Salto Mortale



























SALTO MORTALE: Eabuaba
Mixtape / C48 / SOLD OUT

I first heard Francesco Cavaliere under his Salto Mortale sobriquet on a Summer night of 2011 at the O-tannenbaum club in Berlin. Although he only played about three tracks on that night totting up to around 12 minutes, these were more than enough to make it one of the most exciting sets I ever witnessed  and you can mark my words here. Salto Mortale plays arab music on tapes  un mix di cose trovate nei negozzi e kebab places libanesi, ci sono cose fine anni 60, anni 80, cose from Iraq, Lebanon, Egitto, due cose turche e un o due pezzi di Meixana (battle di stornelli dal' Azerbaijan, spesso cose che fanno per i matrimoni) – but his unique signature relies on the special setup and personal techniques he has developed in relation to the music and the medium. No tape gimmick or cassette fetishism here. Salto Mortale shapes his sound by swiftly shaking the cassette players, speeding up or slowing down the pace, casting spells, proclaiming names and telling stories in between tracks. This tape might be the most exciting Music City release to date. (DJ Bongo Man)

As envisioned by DJ Bonzai Tarzan:


According to a legend compiled by the famous art critic and sports journalist Torcuato Icasticco, a sacred tribe of bears lives in the foggy heights of the Apenines. They have managed to avoid close contact with civilization for centuries. People in neighbouring villages believe they are waiting for the reaapearance of their only human friend, Santo Corbiniano. His ghost is supposed to lead them to the Vatican and help them set ablaze every building, drink all the wine and free all the slave children.

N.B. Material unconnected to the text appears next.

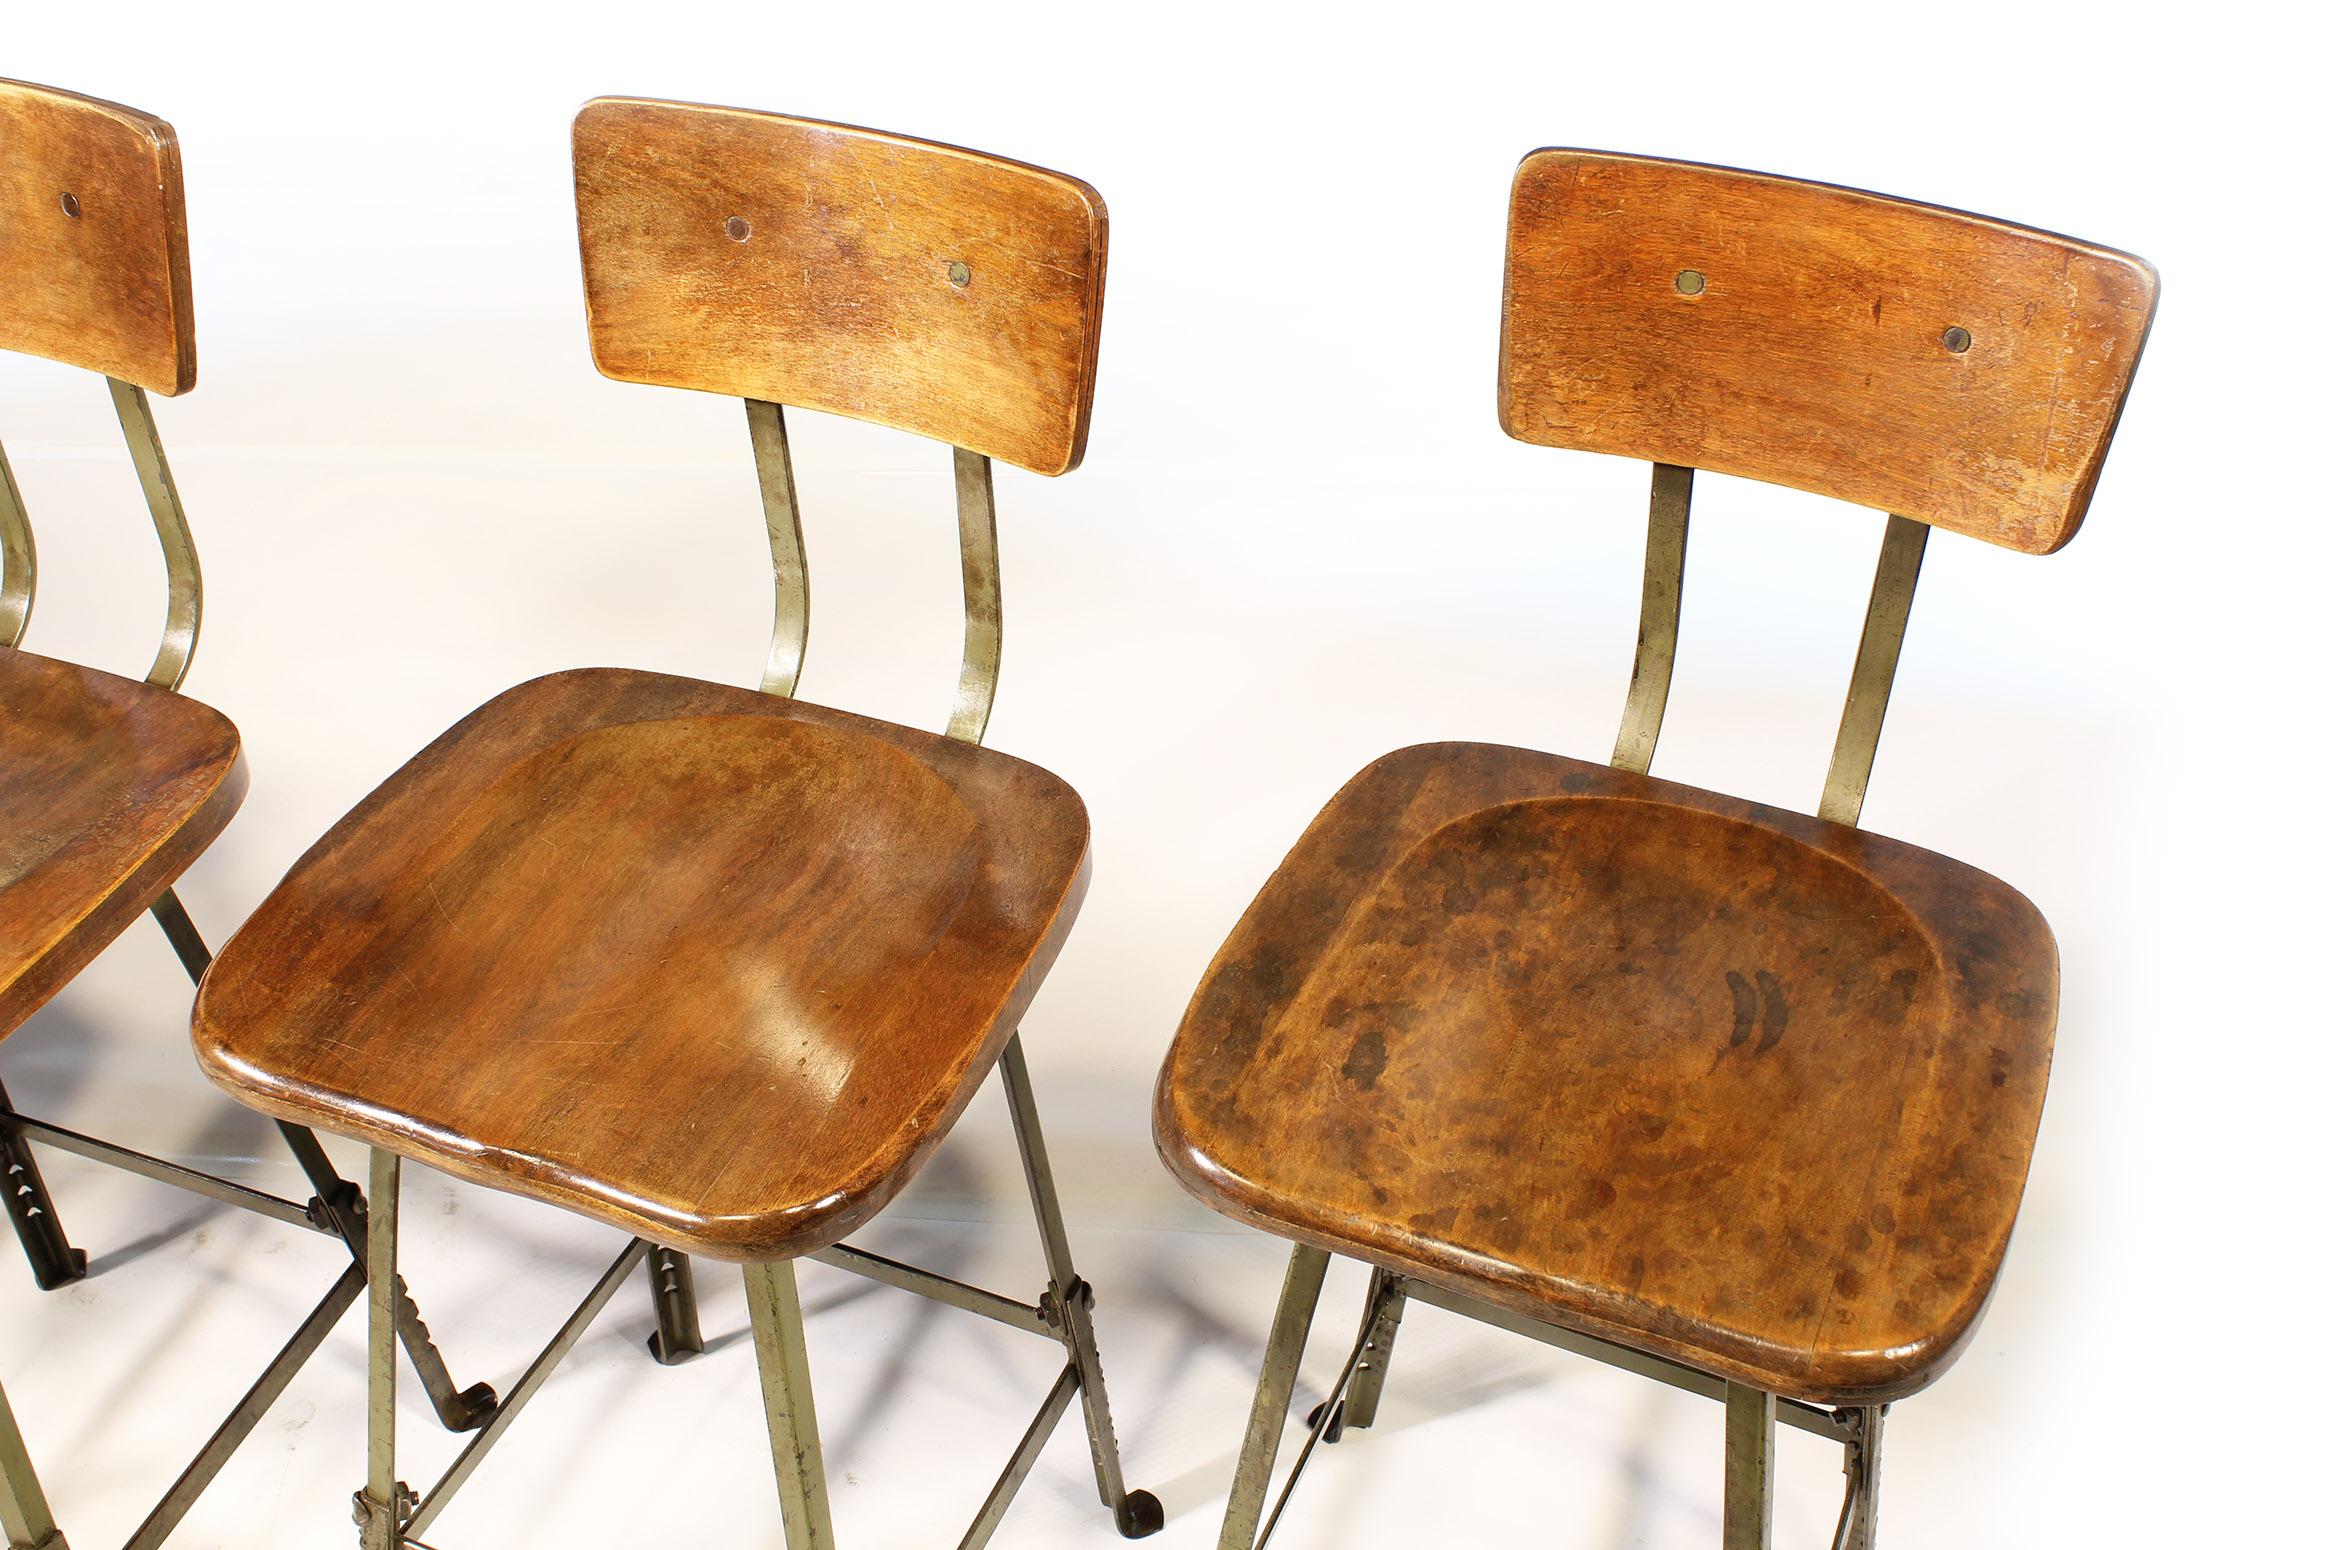 20th Century Set of 4 Authentic Vintage Industrial Shop Stools

When nights go purple or blue, bears come and go as they please looking for berries and fish, but when it gets dark they sit in large circles to sing a melancholic tune in a low and warbly roar. It takes a forward thinking explorer as our friend, DJ Salto Mortale to go with a tape recorder deep into their territory and stay hidden for hours in a camouflaged tent waiting for the mythical song. A couple years ago, in one of those moonless journeys, Salto Mortale could finally locate the perfect spot to record. He saw how a thick cloud of fog covered every leaf, and heard the dry branches cracking as the tribe got closer and the unisonous song grew like a landslide in slow motion. Unfortunately, he also noticed a slight disturbance, a highpitched sound, similar to the giggle of a snuffly monkey. Thinking it was a technical problem, he grabed his flashlight and examined his recording equipment. As everything seemed to work perfectly. He looked around and hopped back when the spotlight stopped at a bear cub's face, staring at him with spirally eyes and a Buda smile. Salto Mortale noticed the poor little animal drank an entire bottle of PsychedelicTrombonne milk he had in his backpack. Bold, but serene he came closer and started gently massaging the cub's head, putting into practice his vast knowledge of Shiatsu. The giggling gradually stopped and the small bear fell asleep.

That night Salto Mortale dreamed he had to land a airplane in a big storm. Just a moment before the wheels touched the ground he was waken up by a cold breeze coming from a big hole in his tent. The bear cub was gone, and in his place he found a cardboard box full of dry leaves and the cassette tapes that are the source material of Eabuaba, a mixtape Music City is very proud to present. (DJ Bonzai Tarzan)

A limited number of copies of this tape were released by Music City on the occasion of a Salto Mortale / Bongo Man duo DJ set at Café The Student on April 19, 2013. On that night cassette covers were cut on stage and tapes were signed while tracks were being played. Two years later a few more copies of this tape are finally made available.